The `DL1` instance we use has 8 available HPU-cores meaning we can leverage distributed data-parallel training for our model. 
To run our training with `deepspeed` we need to create a training ([scripts/run_summarization.py](https://github.com/philschmid/deep-learning-habana-huggingface/blob/master/pre-training/scripts/run_mlm.py)) implementing our fine-tuning modeling using the `GaudiSeq2SeqTrainer`. To executed our distributed training we use the `DistributedRunner` runner from `optimum-habana` and pass our arguments.
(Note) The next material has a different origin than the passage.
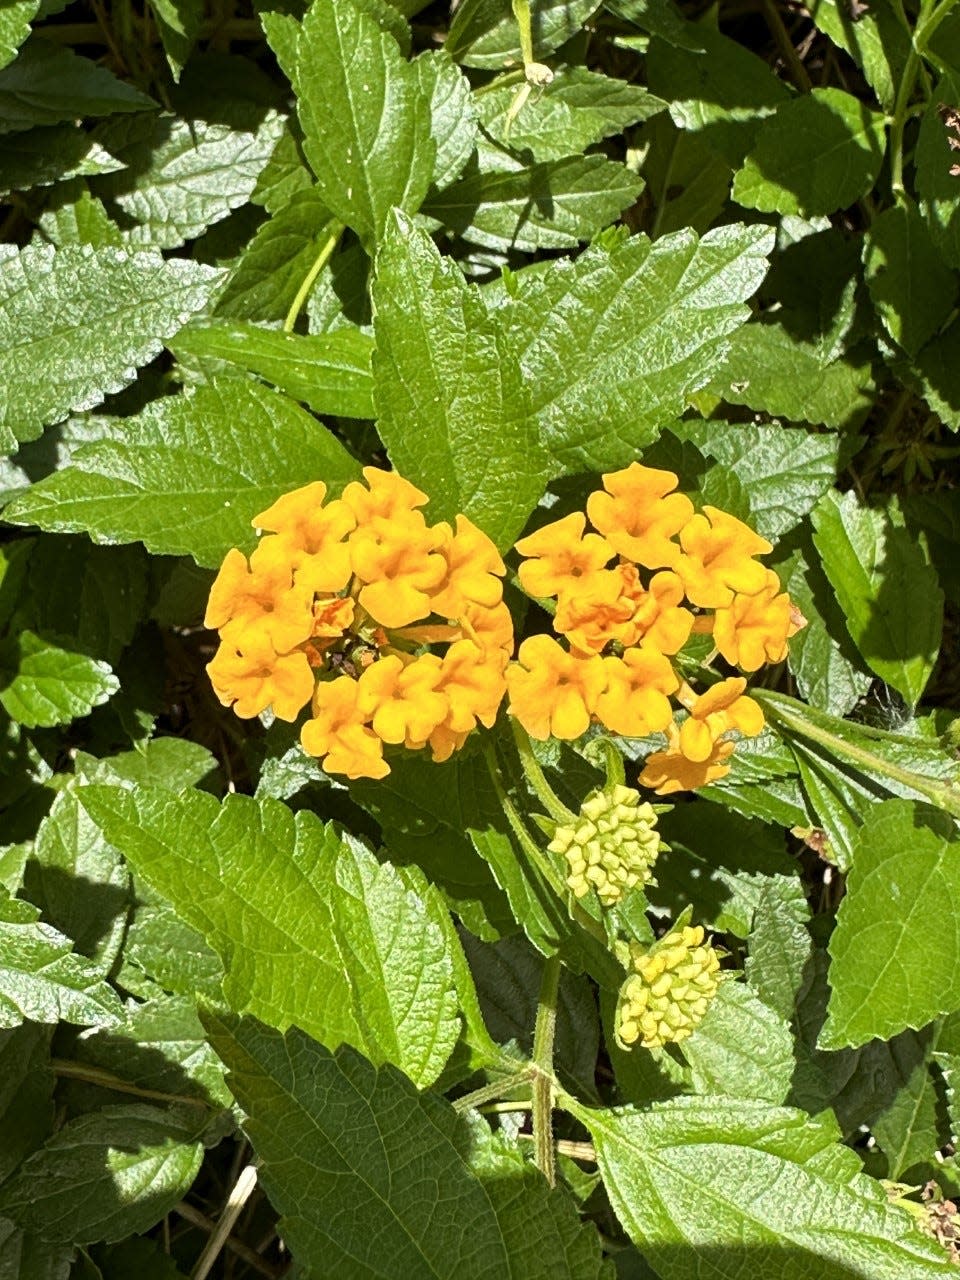 Lantana has yellow flowers and is a low growing, spreading ground cover.
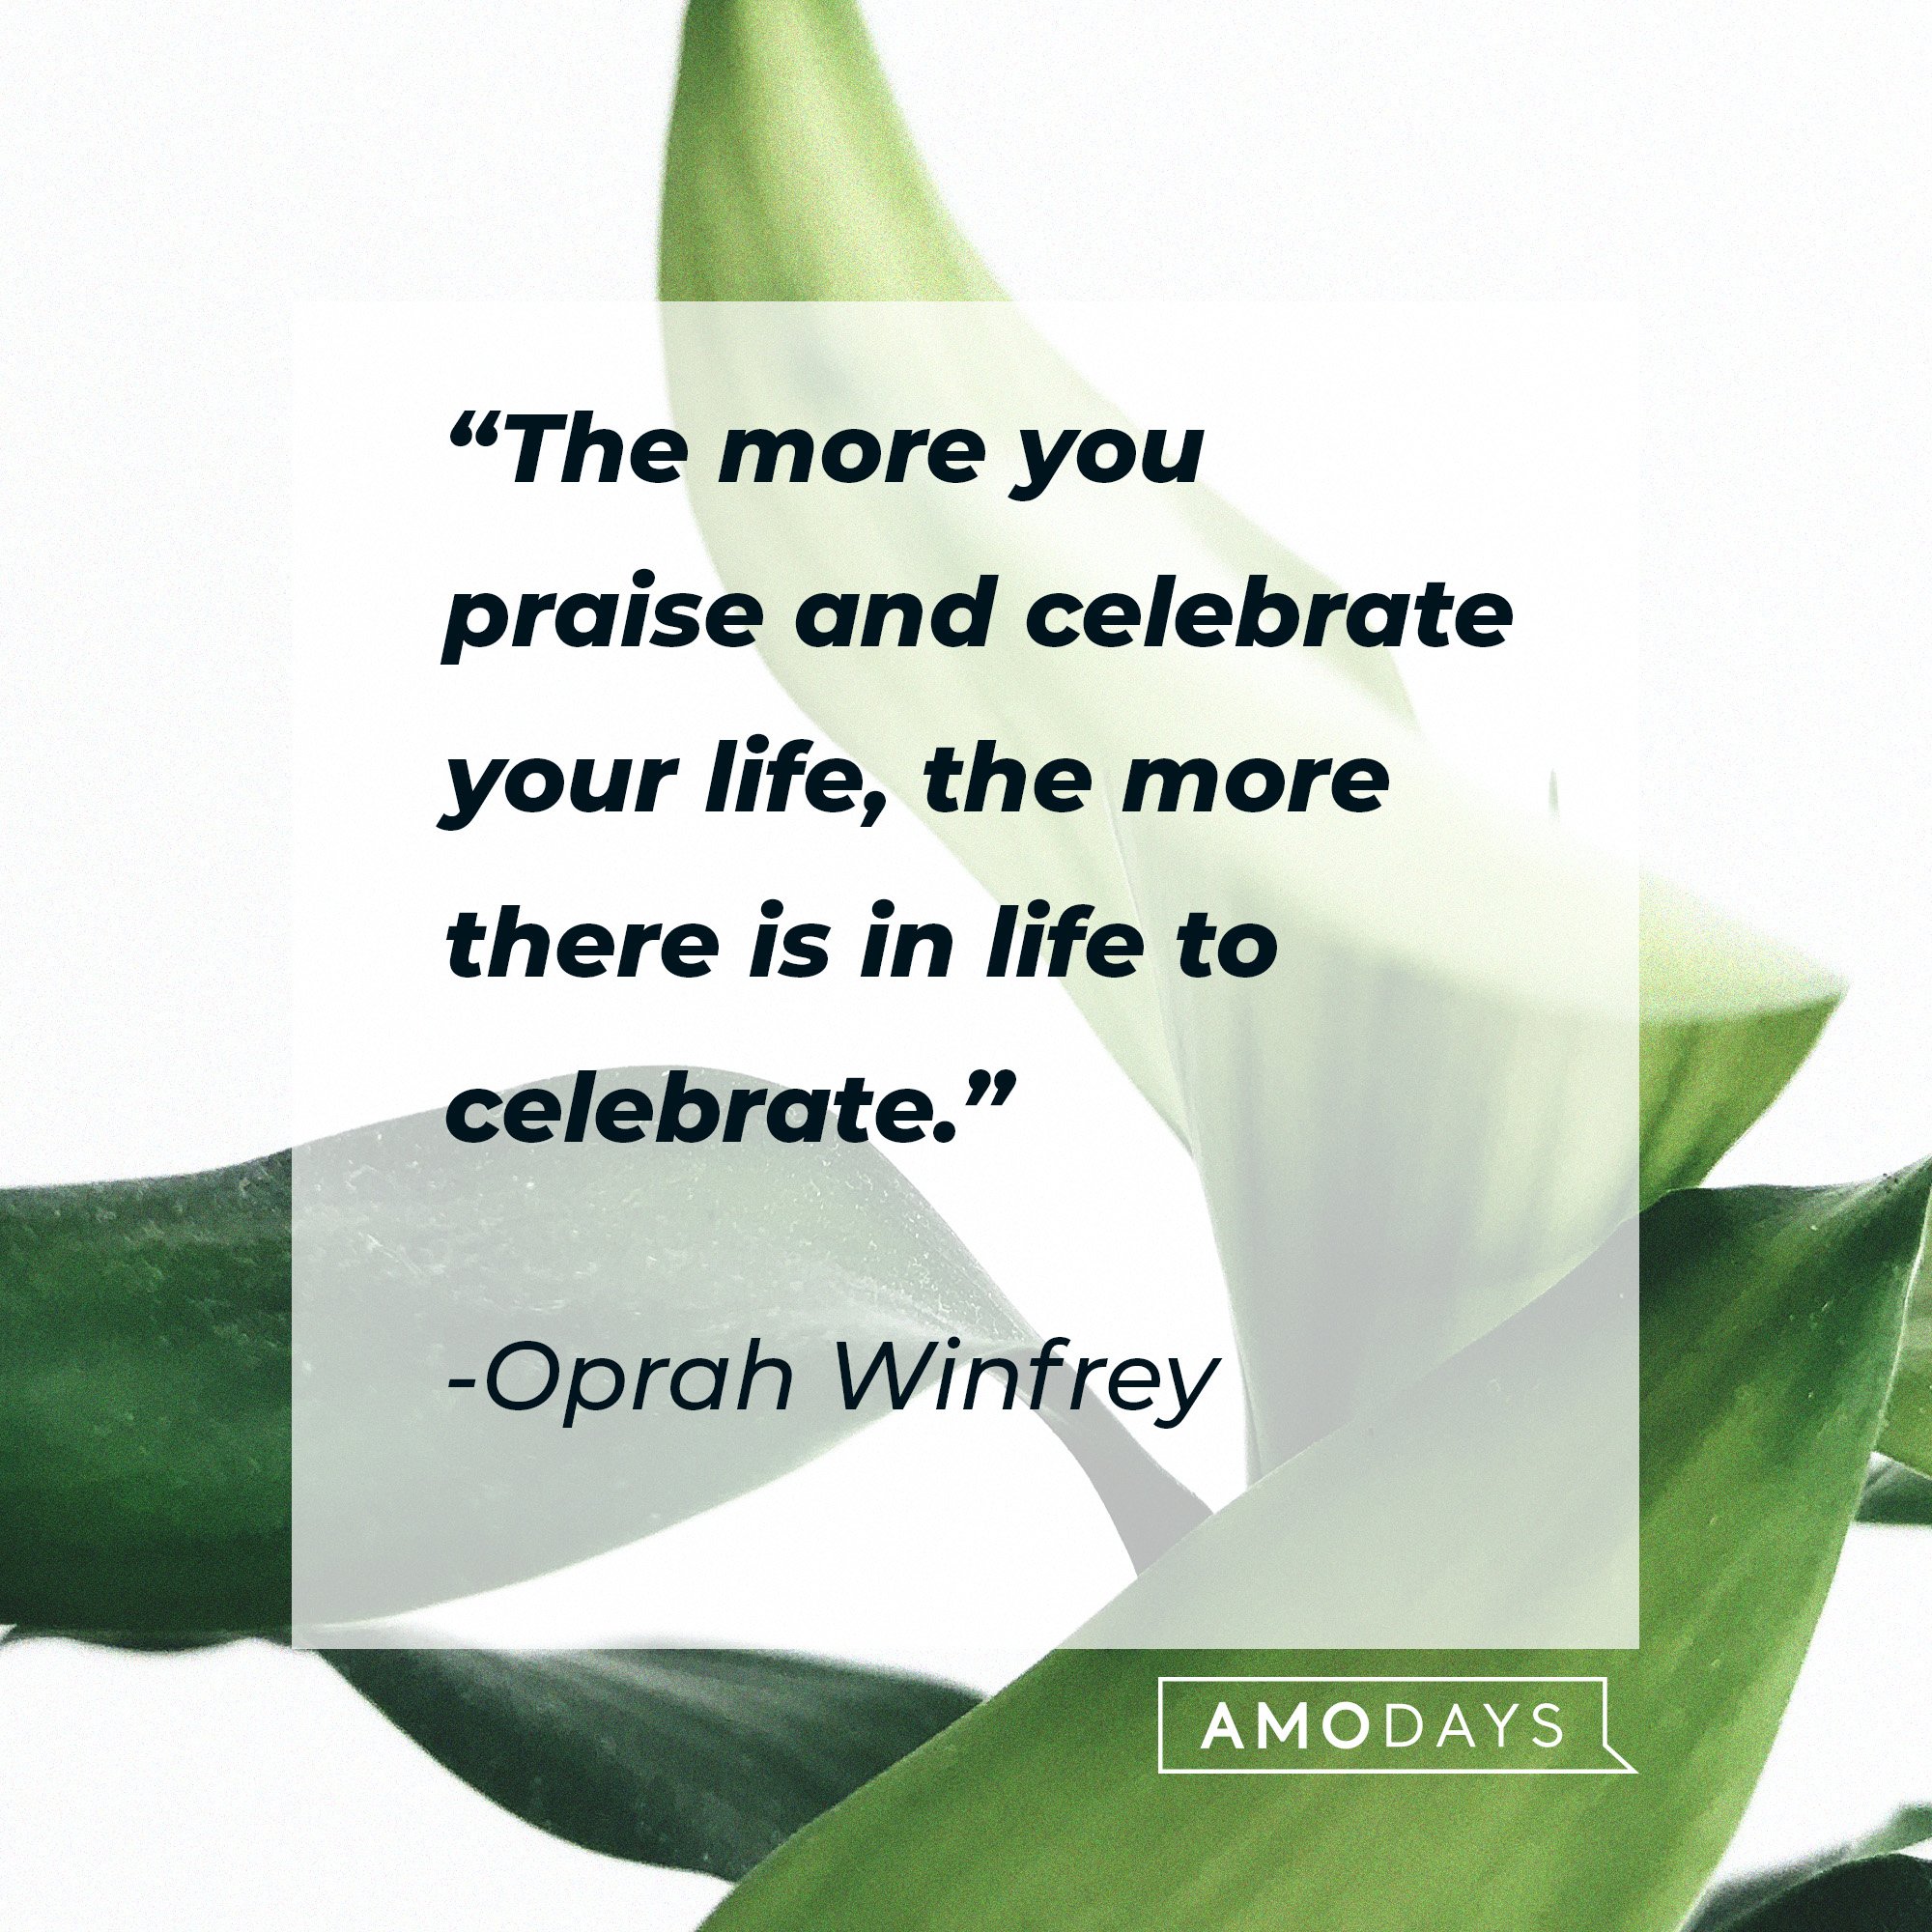 Oprah Winfrey's quote: “The more you praise and celebrate your life, the more there is in life to celebrate.” | Image: AmoDays

Alternatively you could check-out the [gaudi_spawn.py](https://github.com/huggingface/optimum-habana/blob/main/examples/gaudi_spawn.py) in the [optimum-habana](https://github.com/huggingface/optimum-habana) repository.


Before we can start our training we need to define the `hyperparameters` we want to use for our training. We are leveraging the [Hugging Face Hub](https://huggingface.co/models) integration of the `GaudiSeq2SeqTrainer` to automatically push our checkpoints, logs and metrics during training into repository. 

In [2]:
from huggingface_hub import HfFolder

# hyperparameters
hyperparameters = {
    "model_id": "t5-3b",
    "dataset_id": "nickmuchi/trade-the-event-finance",
    "gaudi_config_id": "philschmid/bert-base-uncased-2022-habana",
    "repository_id": "Habana/t5",
    "hf_hub_token": HfFolder.get_token(),  # need to be login in with `huggingface-cli login`
    "num_epochs": 3,
    "per_device_train_batch_size": 4,
    "learning_rate": 5e-5,
}
hyperparameters_string = " ".join(f"--{key} {value}" for key, value in hyperparameters.items())


We can start our training with by creating a `EC2RemoteRunner` and then `launch` it. This will then start our AWS EC2 DL1 instance and runs our `run_mlm.py` script on it using the `huggingface/optimum-habana:latest` container.b

In [3]:
from rm_runner import EC2RemoteRunner
# create ec2 remote runner
runner = EC2RemoteRunner(
  instance_type="dl1.24xlarge",
  profile="hf-sm",  # adjust to your profile
  region="us-east-1",
  container=image_id # defined in the first step
  )

# launch my script with gaudi_spawn for the deepspeed training
runner.launch(
    command=f"python3 gaudi_spawn.py --use_deepspeed --world_size=8 run_summarization.py {hyperparameters_string}  --deepspeed ds_config.json",
    source_dir="scripts",
)


2022-10-18 11:10:02,947 | INFO | Found credentials in shared credentials file: ~/.aws/credentials
2022-10-18 11:10:04,320 | INFO | Created key pair: rm-runner-fggm
2022-10-18 11:10:05,782 | INFO | Created security group: rm-runner-fggm
2022-10-18 11:10:07,813 | INFO | Launched instance: i-0c170f7335e0ae0ef
2022-10-18 11:10:07,817 | INFO | Waiting for instance to be ready...
2022-10-18 11:10:23,935 | INFO | Instance is ready. Public DNS: ec2-54-89-187-241.compute-1.amazonaws.com
2022-10-18 11:10:23,962 | INFO | Setting up ssh connection...
2022-10-18 11:11:43,995 | INFO | Setting up ssh connection...